▶ [Work order]:
Leave out the pictures and retype all the entries below exactly.

########################################

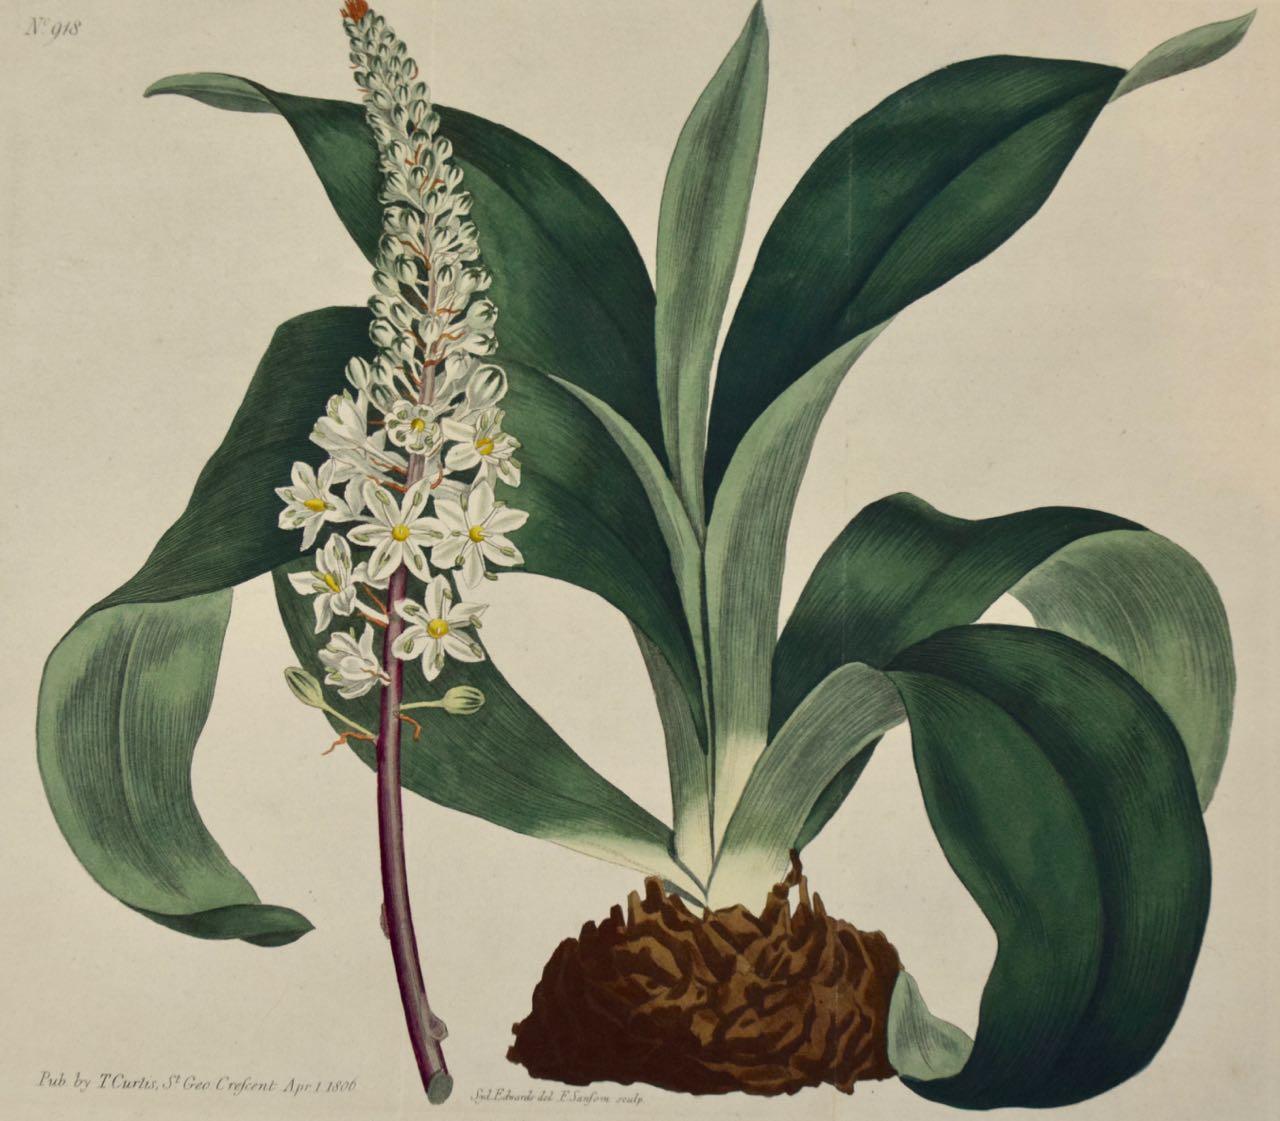 Cette gravure botanique du début du XIXe siècle, coloriée à la main et dépliante, est intitulée "Ornithogalum Squilla" (oignon de mer à racine rouge ou pissenlit officinal), planche 918, publiée à Londres en 1806 dans "The Botanical Magazine, or
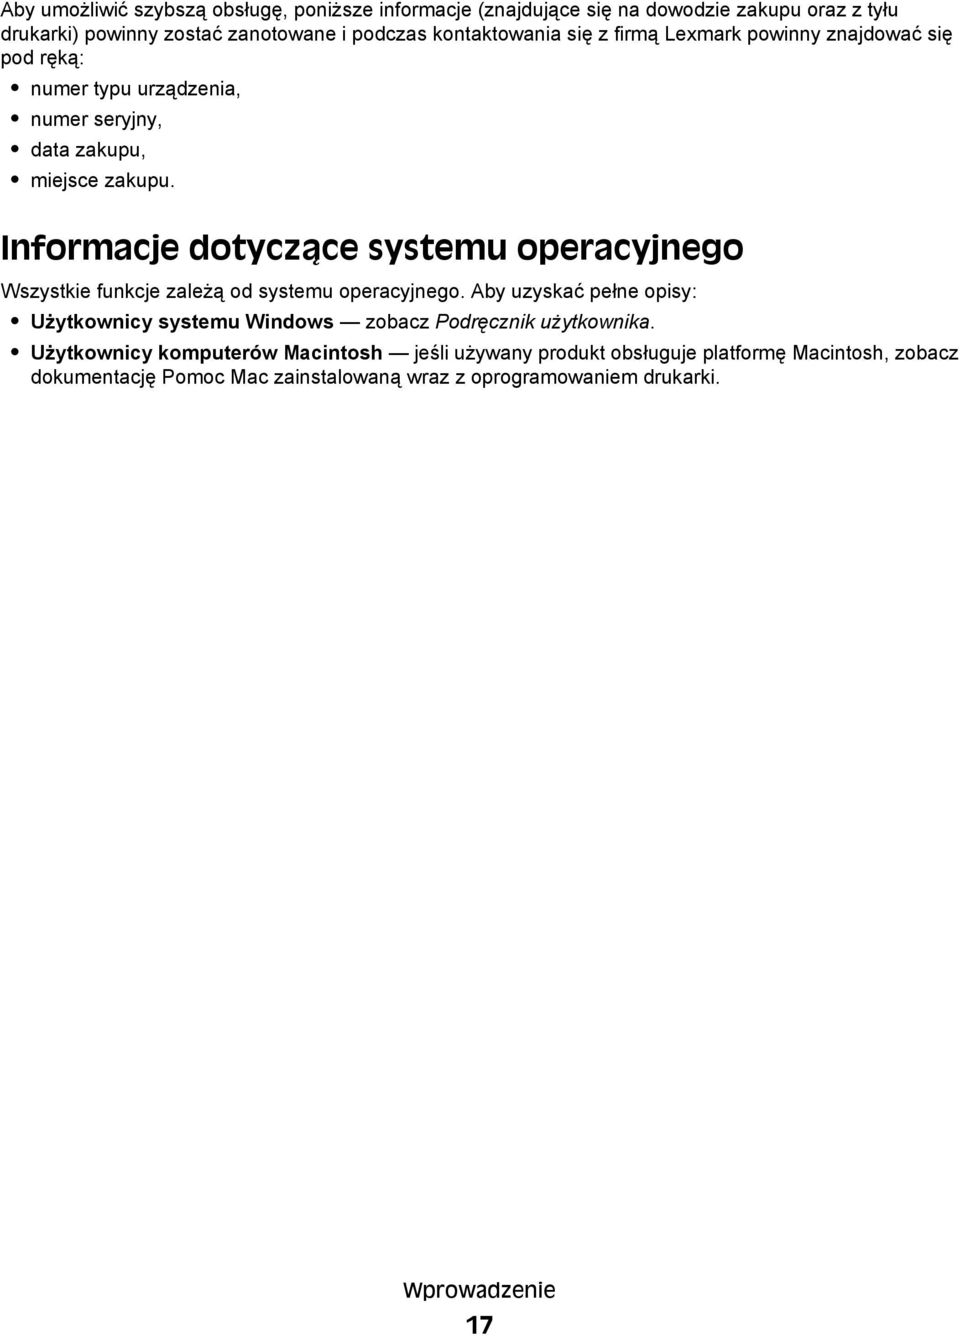 Informacje dotyczące systemu operacyjnego Wszystkie funkcje zależą od systemu operacyjnego.
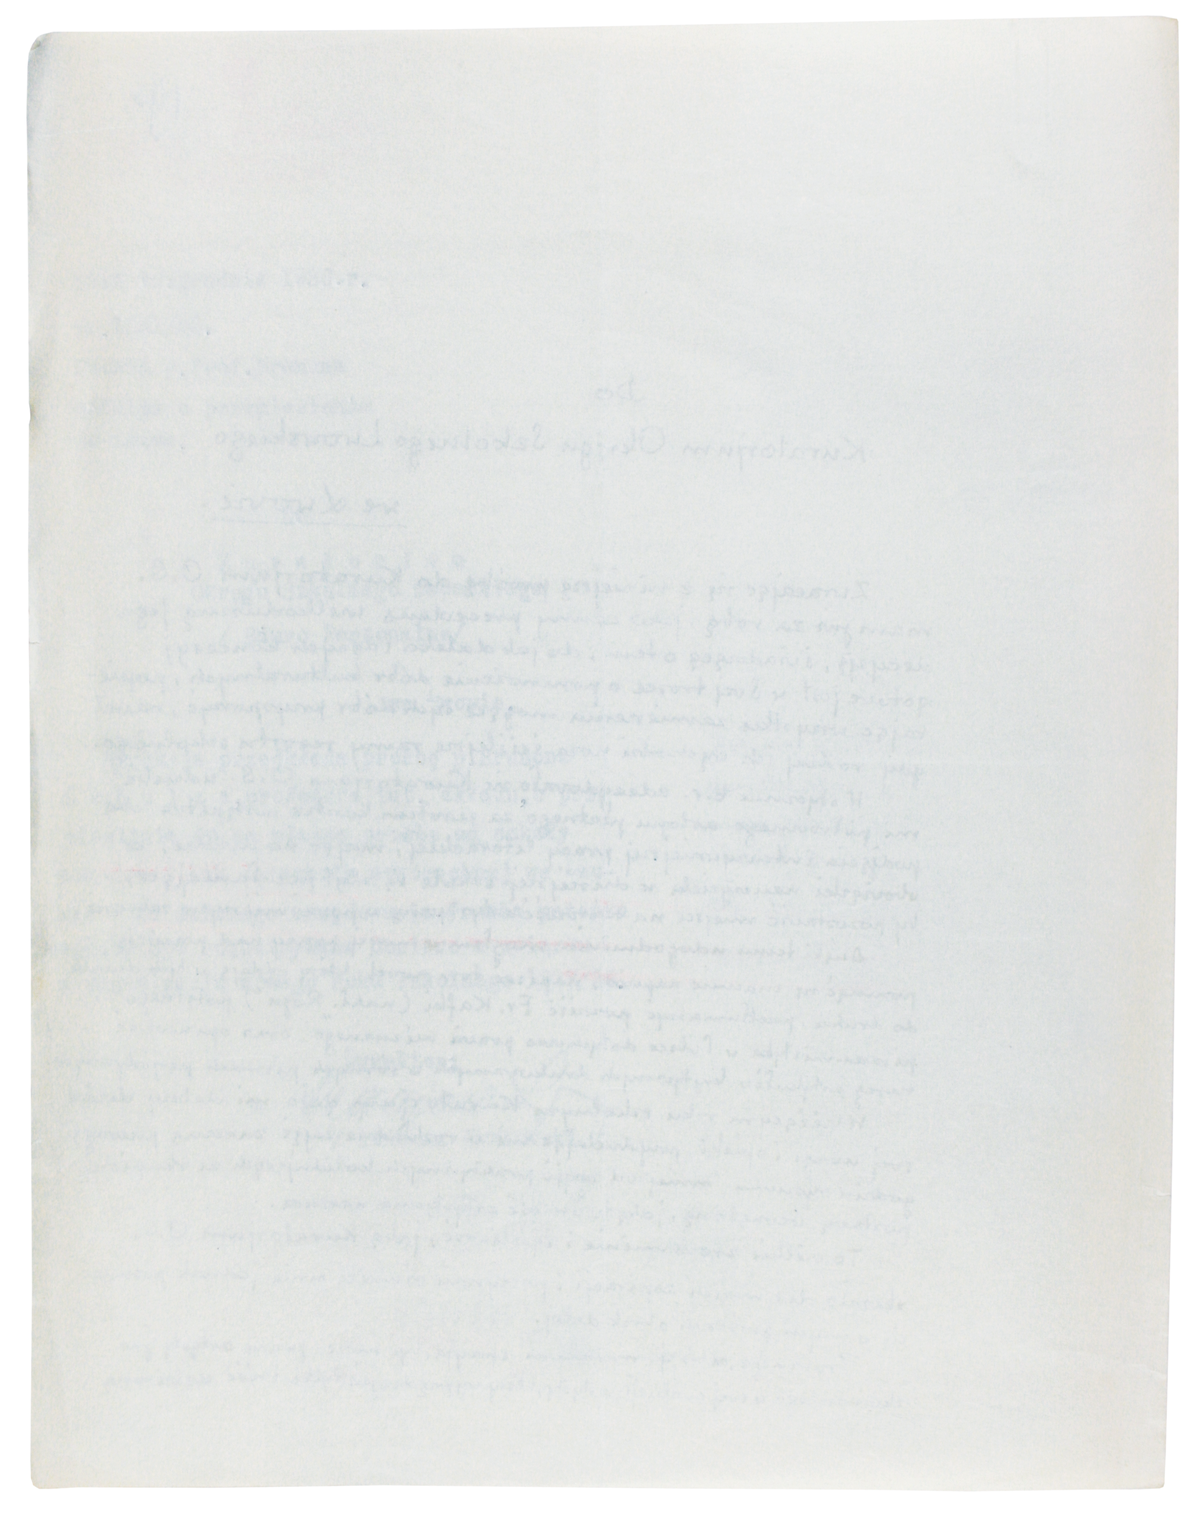 List Brunona Schulza do Kuratorium Okręgu Szkolnego Lwowskiego z 30 listopada 1936-2
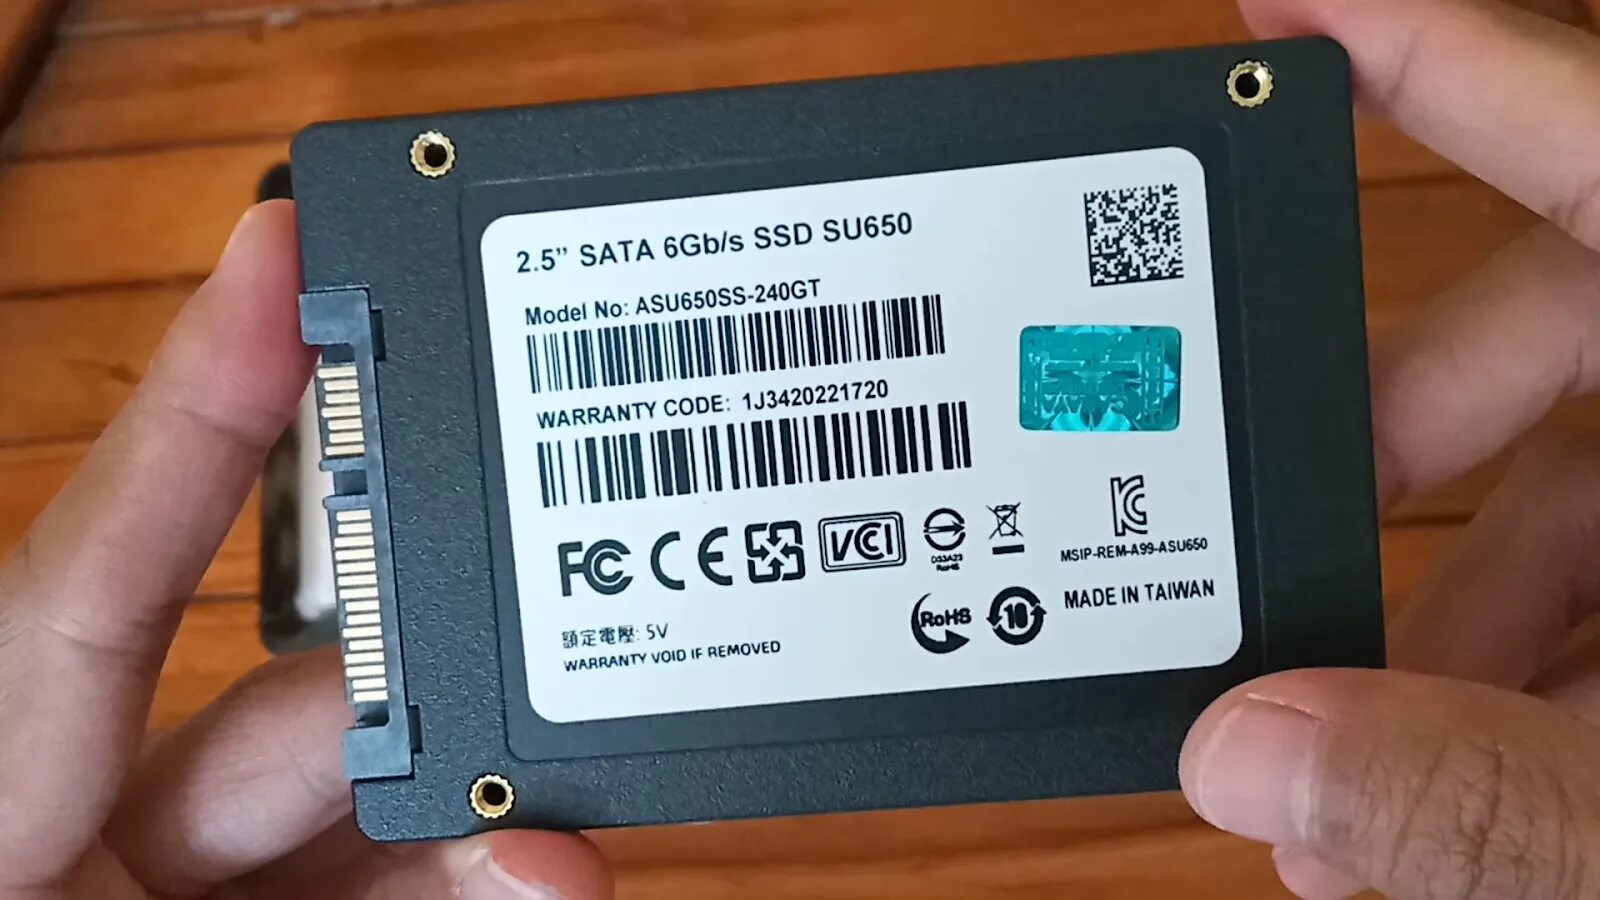 SSD su650 512. SSD su650 характеристики. Накопитель SSD A-data su650 512gb (asu650ss-512gt-r).
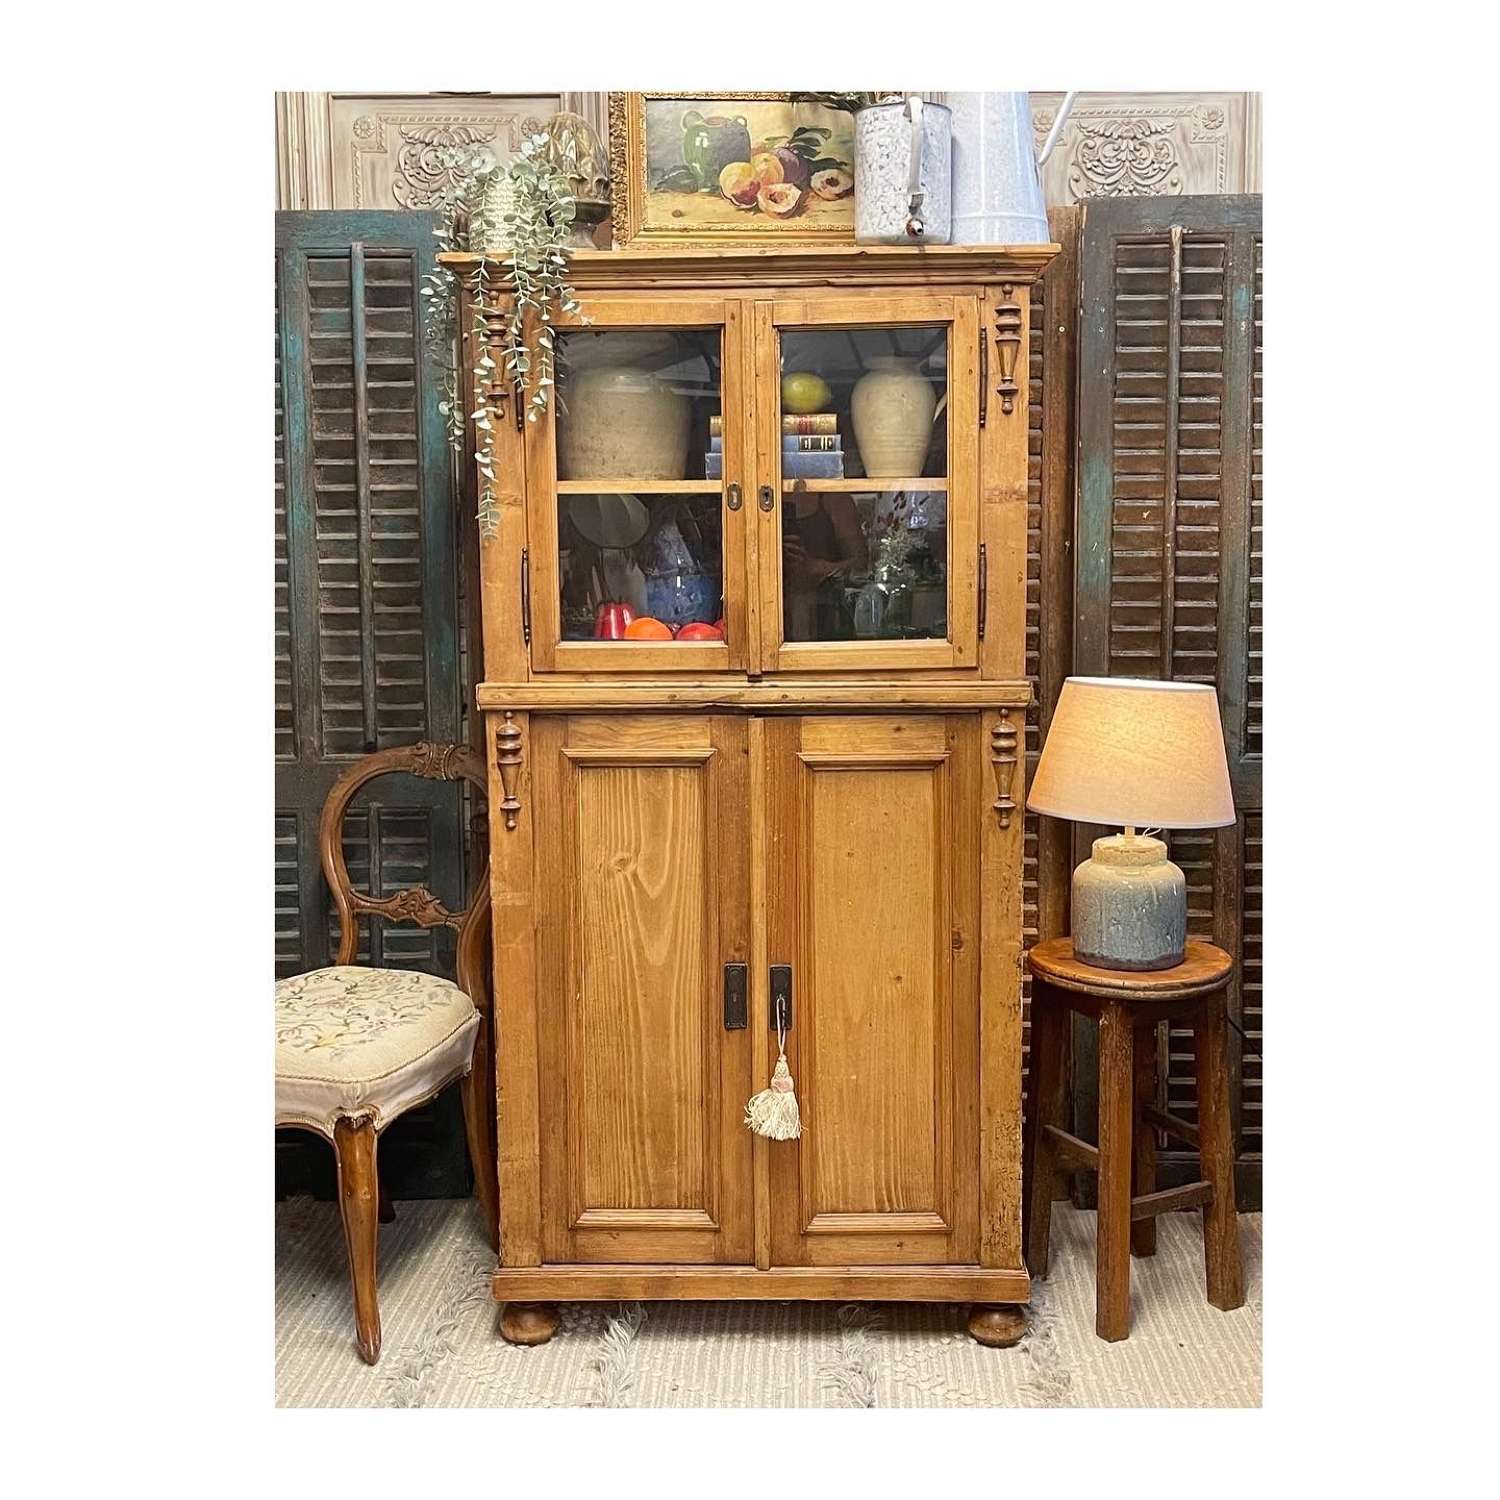 Antique Rustic Pine Cabinet, Larder, Glazed Dresser

########################################

▶ [Answer below]:
 Cette gravure botanique du début du XIXe siècle, coloriée à la main et dépliante, est intitulée "Ornithogalum Squilla" (oignon de mer à racine rouge ou pissenlit officinal), planche 918, publiée à Londres en 1806 dans "The Botanical Magazine, or
 Informacje dotyczące systemu operacyjnego Wszystkie funkcje zależą od systemu operacyjnego.
 List Brunona Schulza do Kuratorium Okręgu Szkolnego Lwowskiego z 30 listopada 1936-2
 SSD su650 512. SSD su650 характеристики. Накопитель SSD A-data su650 512gb (asu650ss-512gt-r).
 Antique Rustic Pine Cabinet, Larder, Glazed Dresser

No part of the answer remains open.